Data records Block Start
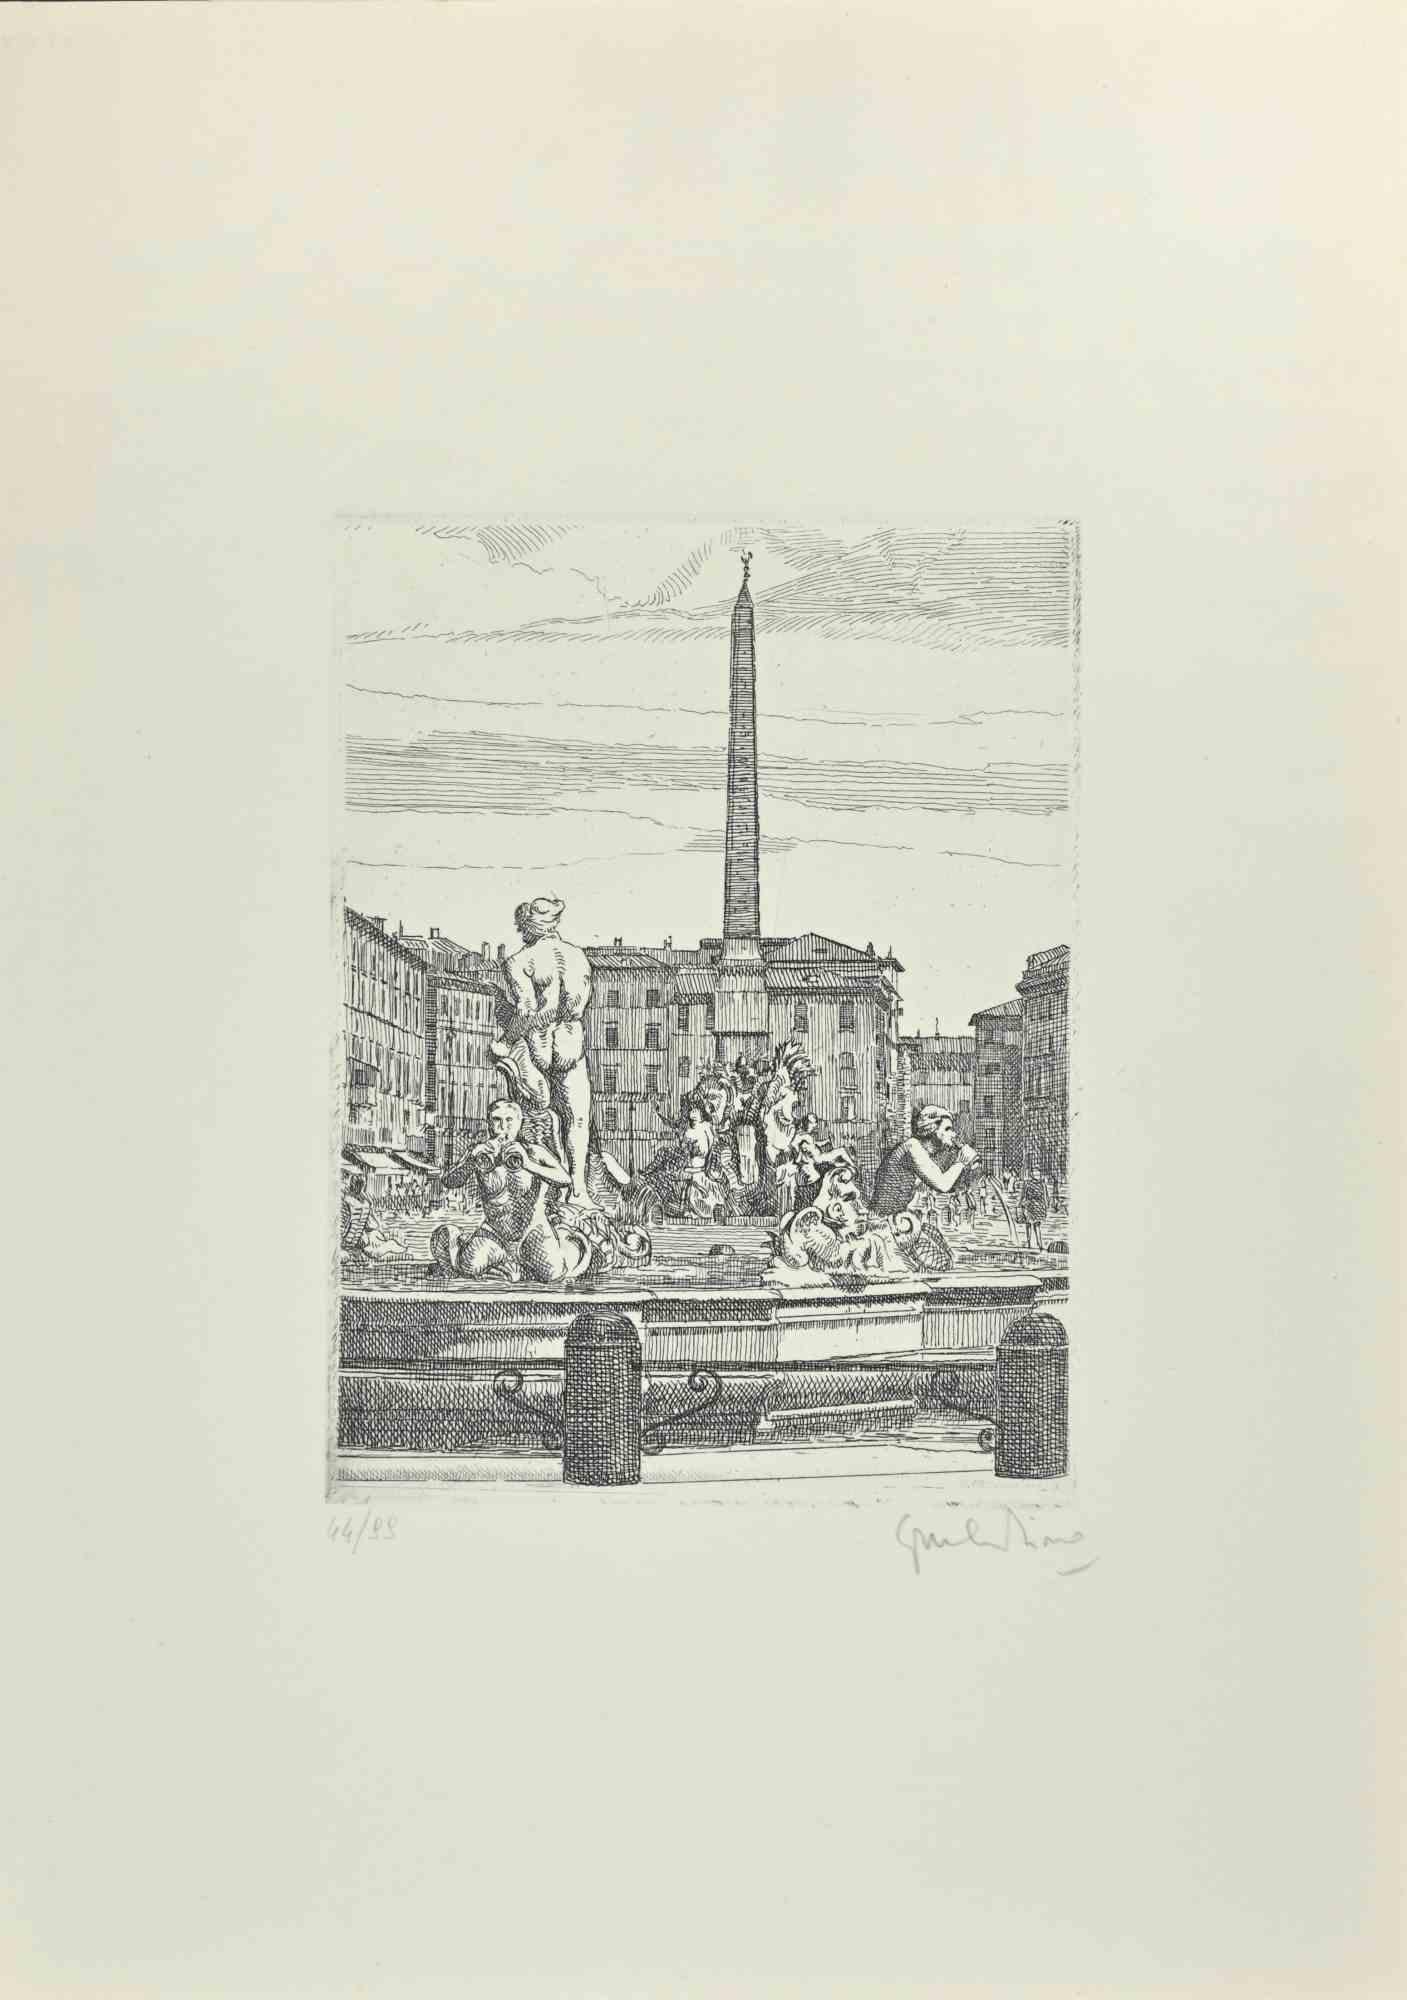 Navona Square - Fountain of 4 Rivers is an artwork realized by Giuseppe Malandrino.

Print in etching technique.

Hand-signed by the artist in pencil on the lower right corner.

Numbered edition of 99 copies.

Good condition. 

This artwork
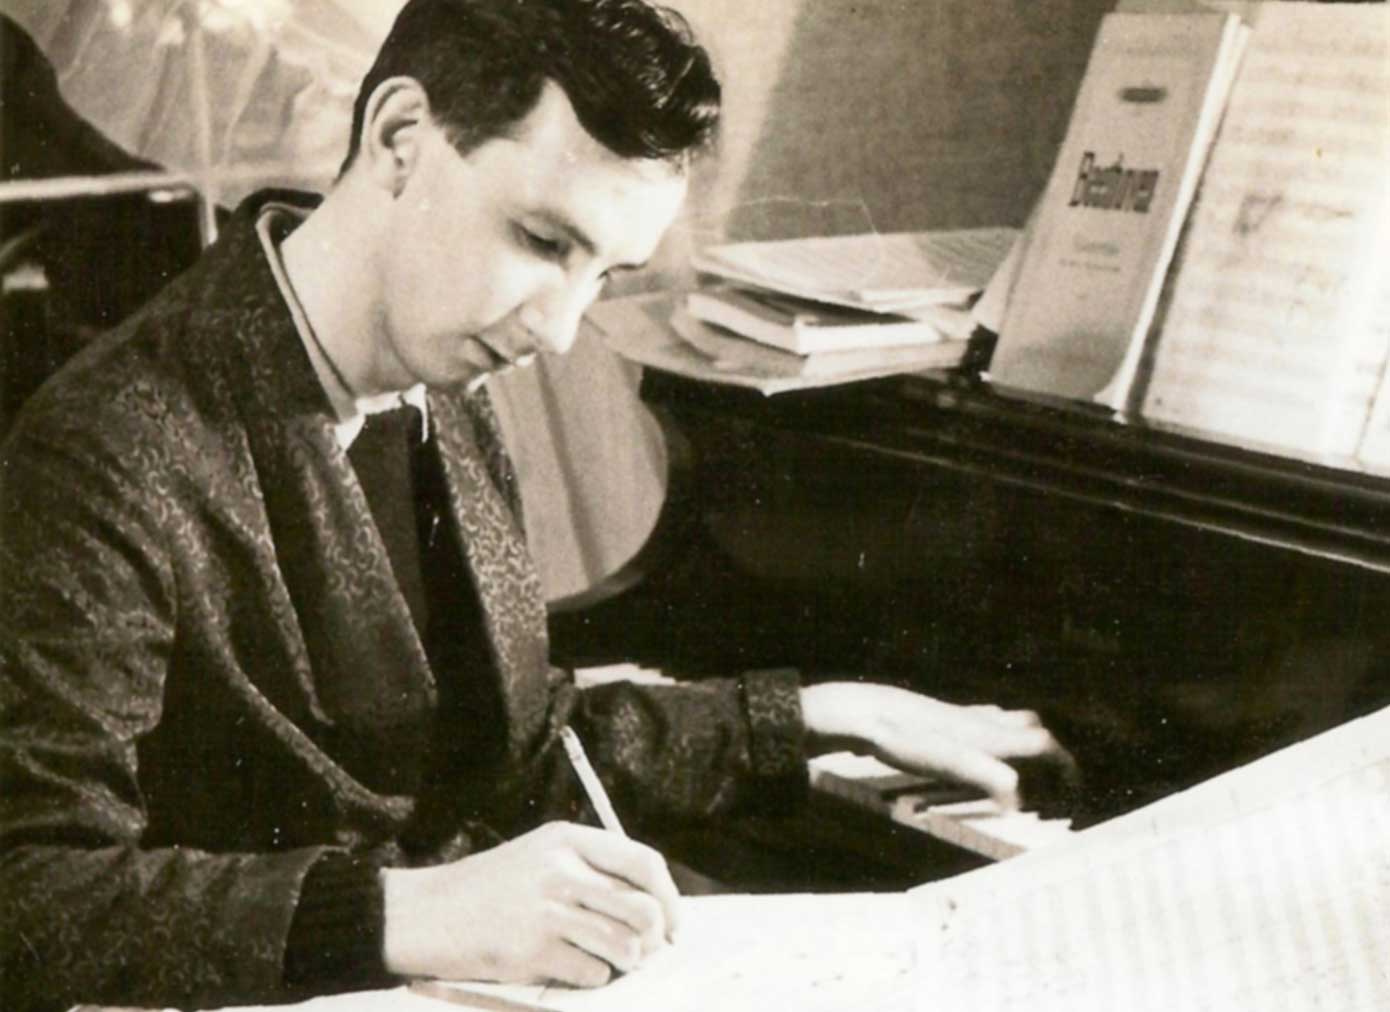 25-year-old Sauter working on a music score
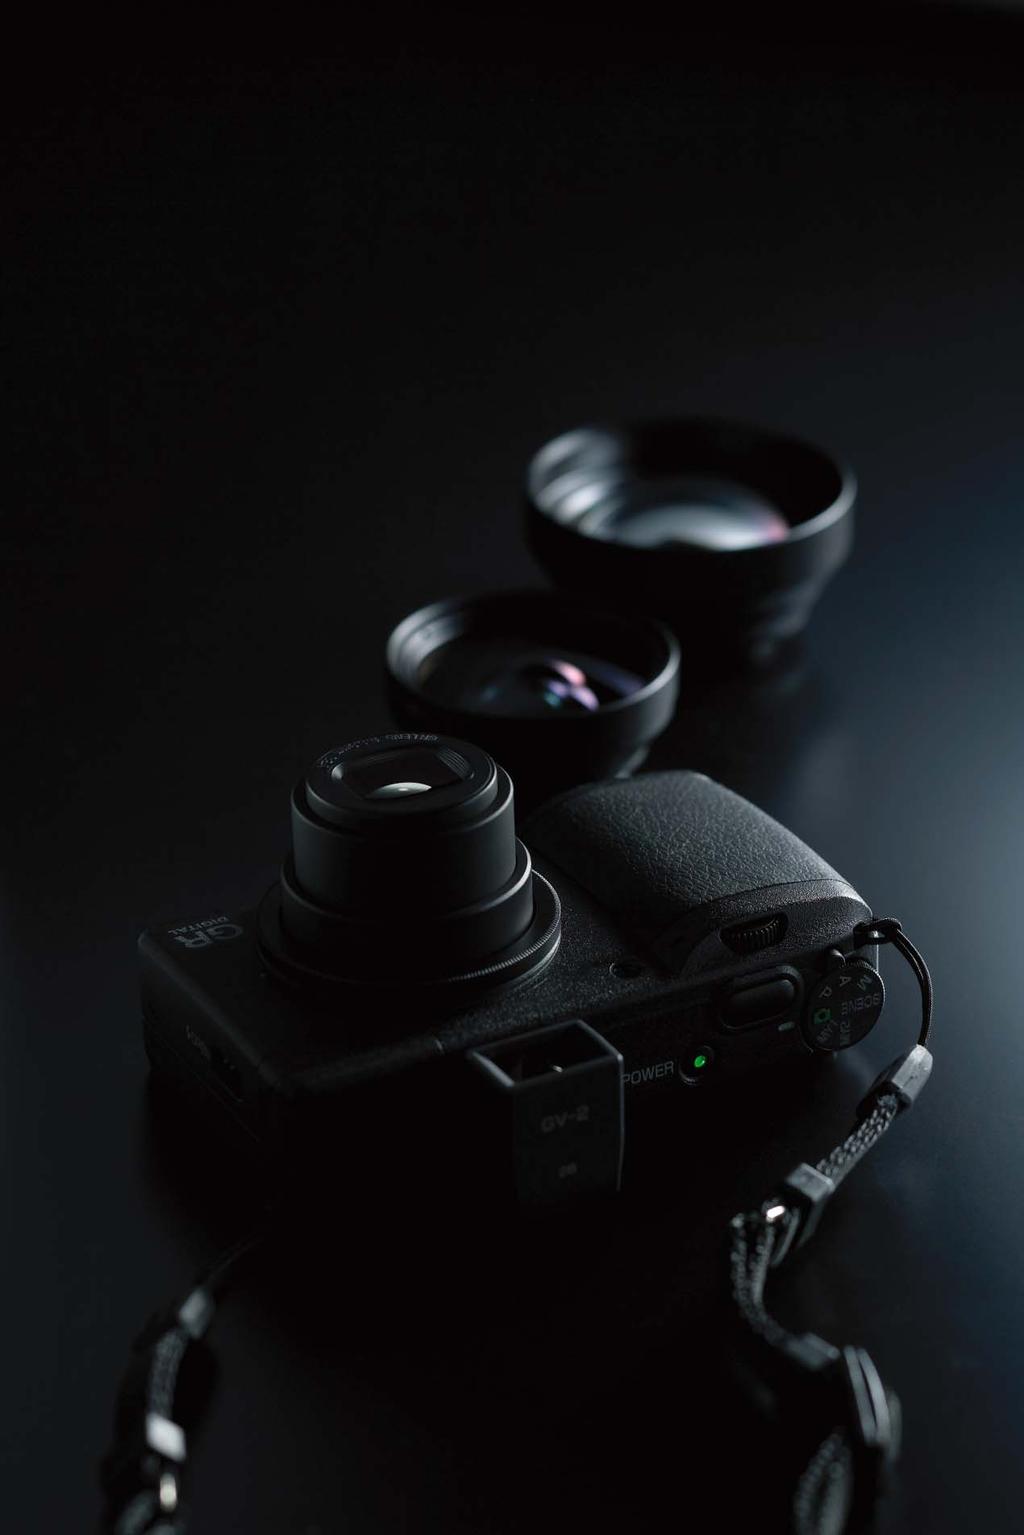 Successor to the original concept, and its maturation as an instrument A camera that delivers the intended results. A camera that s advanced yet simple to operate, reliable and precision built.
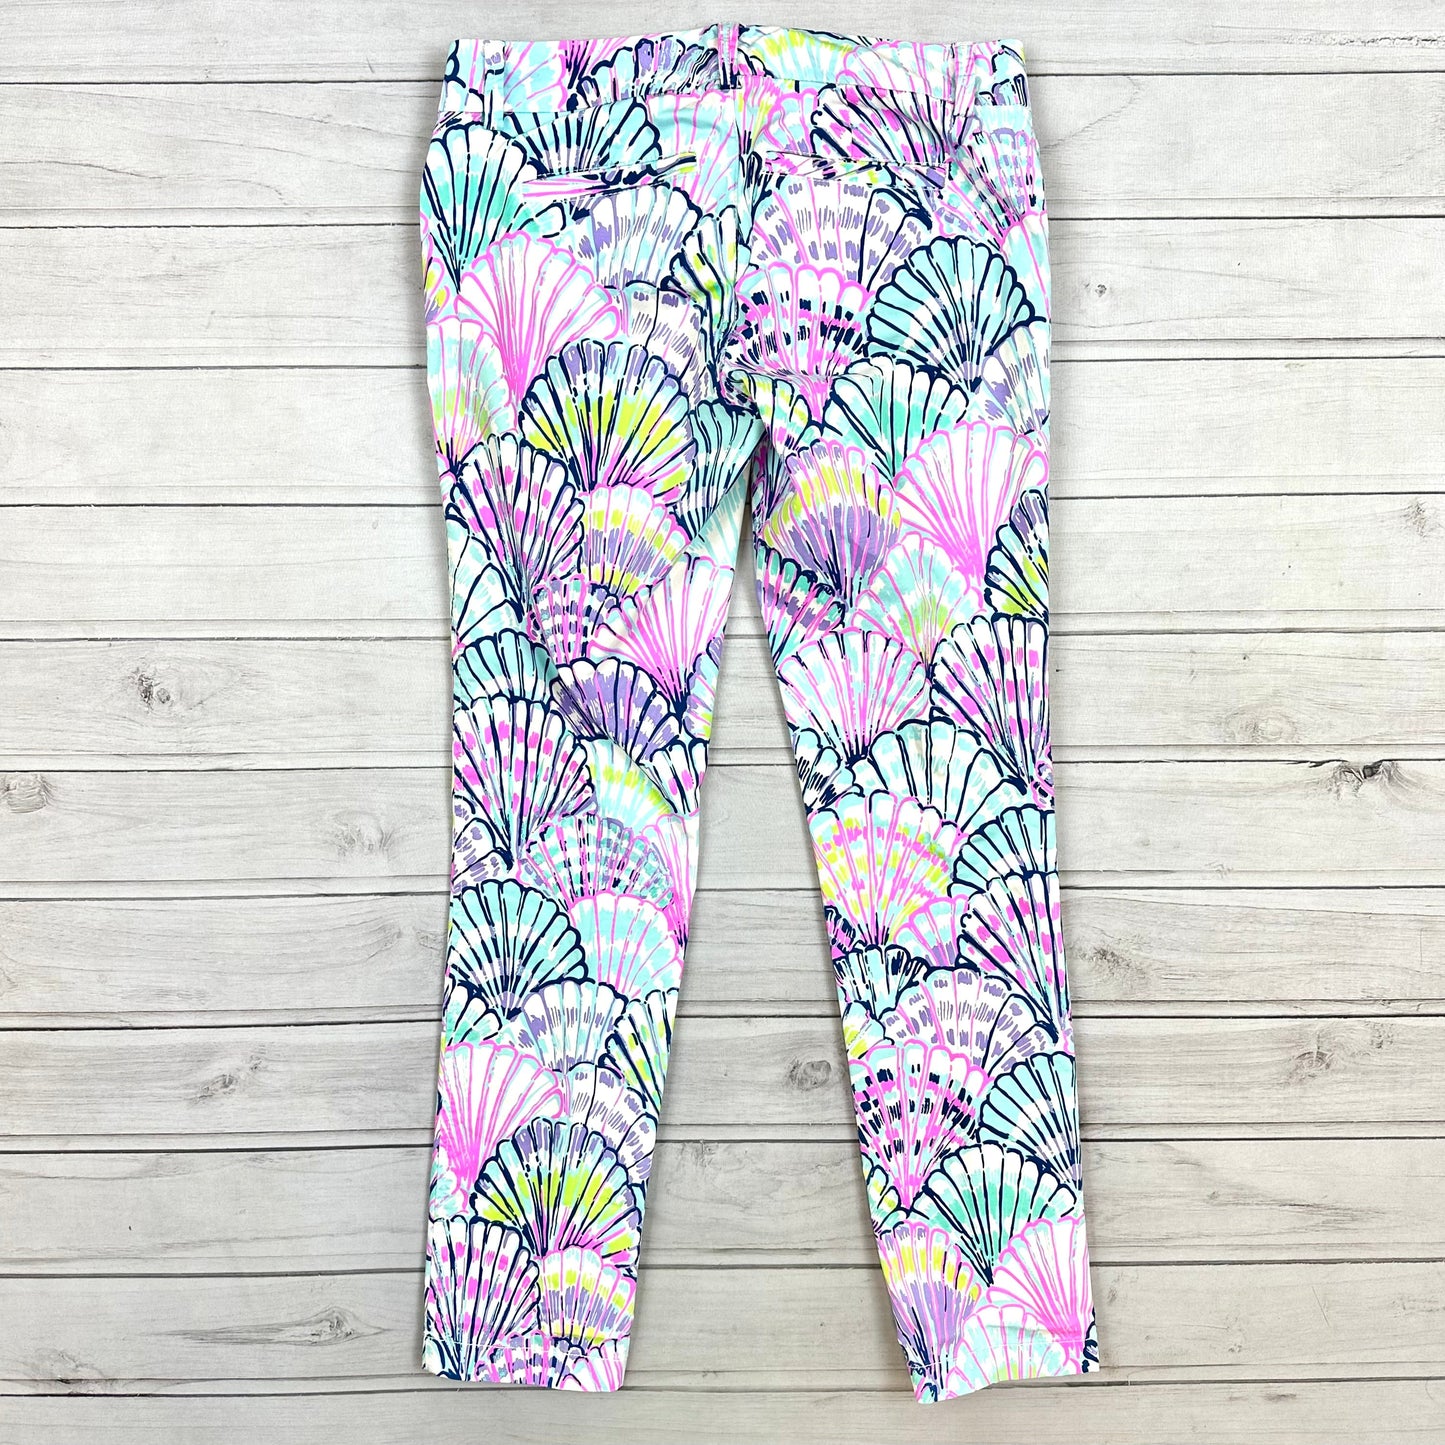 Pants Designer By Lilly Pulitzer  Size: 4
Data records Block End
Exercise goal
Go back to the records above and write them out exactly, without the pictures.

Output of the task
 Navona Square - Fountain of 4 Rivers is an artwork realized by Giuseppe Malandrino.

Print in etching technique.

Hand-signed by the artist in pencil on the lower right corner.

Numbered edition of 99 copies.

Good condition. 

This artwork
 25-year-old Sauter working on a music score
 Successor to the original concept, and its maturation as an instrument A camera that delivers the intended results. A camera that s advanced yet simple to operate, reliable and precision built.
 Pants Designer By Lilly Pulitzer  Size: 4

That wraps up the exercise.